Still, there are downsides, such as having an unreleased track floating on the Web before a label approves of its release.

“It’s a double-edge sword for us,” said David Bell, director of digital marketing at the Zomba Label Group, which includes Jive Records, home to Justin Timberlake, Chris Brown, Ciara and Britney Spears, among others. Despite the potential of releasing songs first on YouTube, he said advertising on the radio is still a preferred method.

Slideshow: Celebrity Sightings “It’s another channel for leaked music,” Bell added. “It’s not just peer-to-peer sites anymore. All they’re trying to do is show their love for the artist, but at the end of the day, they’re taking a leaked track and (it’s) just sort of a multiplication of our music.”

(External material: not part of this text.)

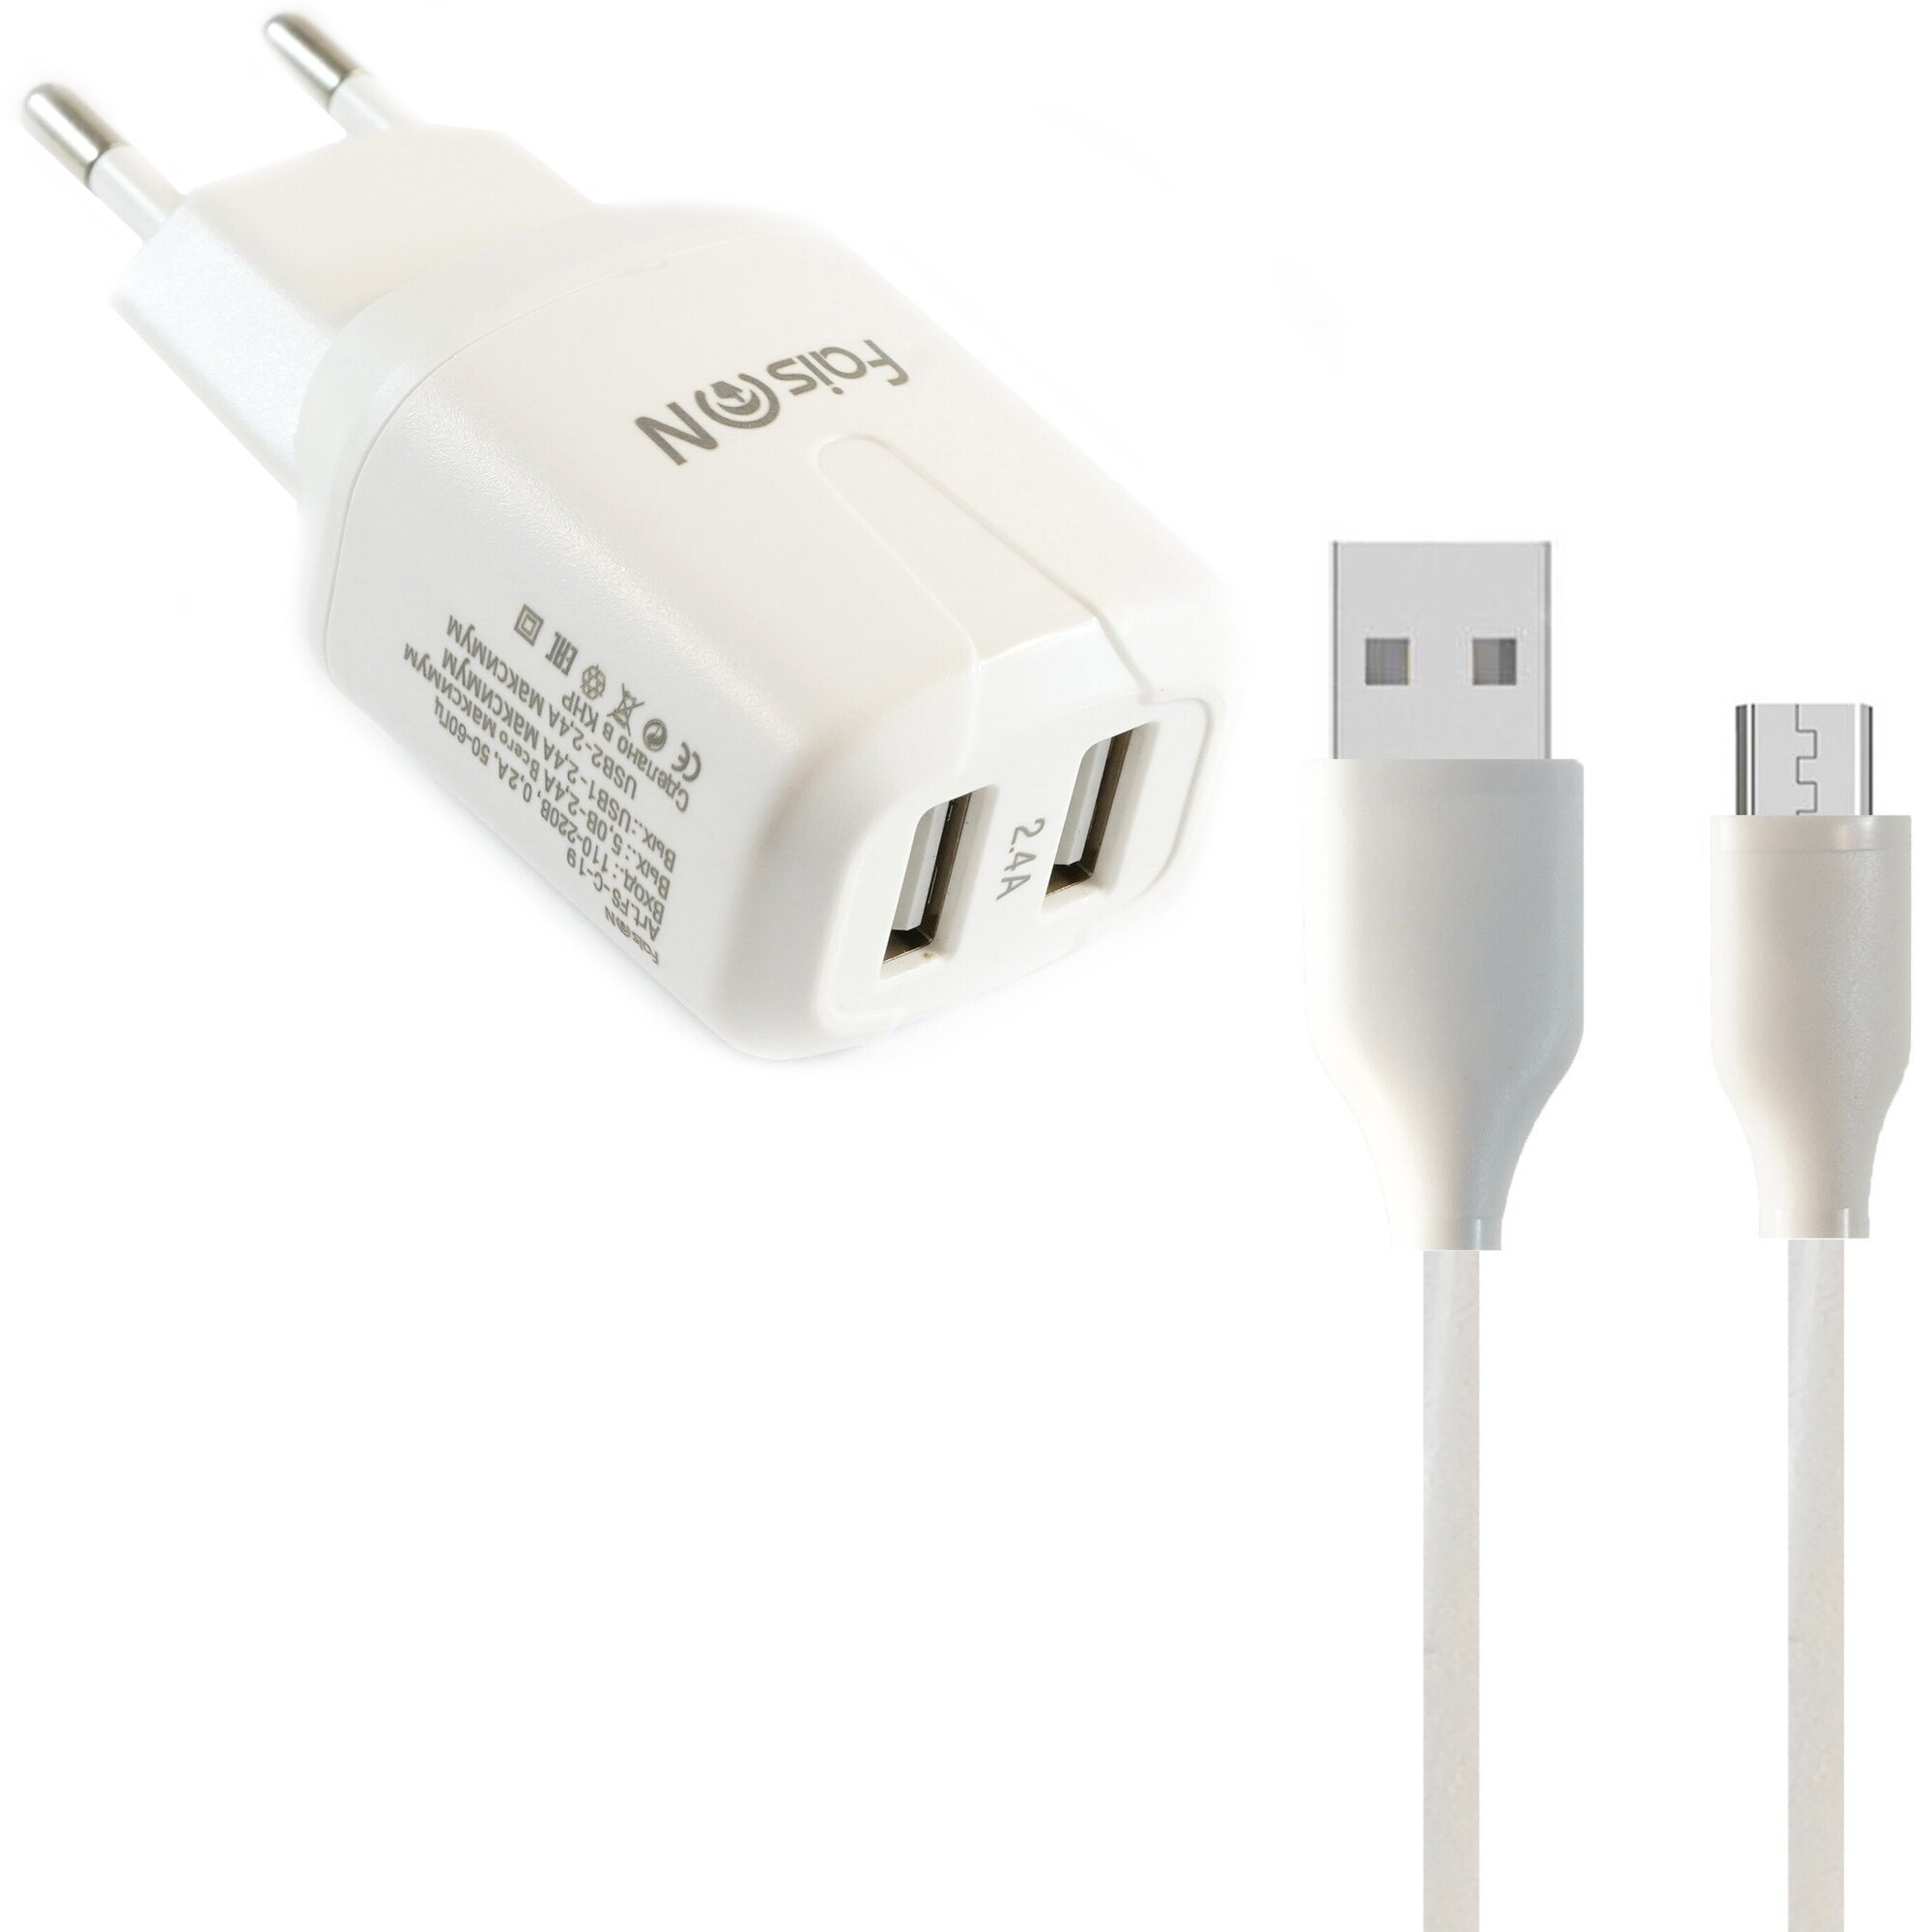 Сетевая зарядка FaisON 2xUSB C-19 Grade 2.4A кабель микро USB 1.0м белый

Tribbett wasn’t initially keen on his songs being posted without his knowledge either. But now he believes YouTube had a major influence in helping the group’s album become successful one.

“I said to myself, ‘Whoa, hold on. Who put my stuff out before the album even came out?” he recalled. “But I realized that’s the promotion that whet people’s appetites to the point where sales were better because that happened. So, I was like, ‘Well, never mind. Whoever it was, do it again.”’

© 2013 The Associated Press. All rights reserved. This material may not be published, broadcast, rewritten or redistributed.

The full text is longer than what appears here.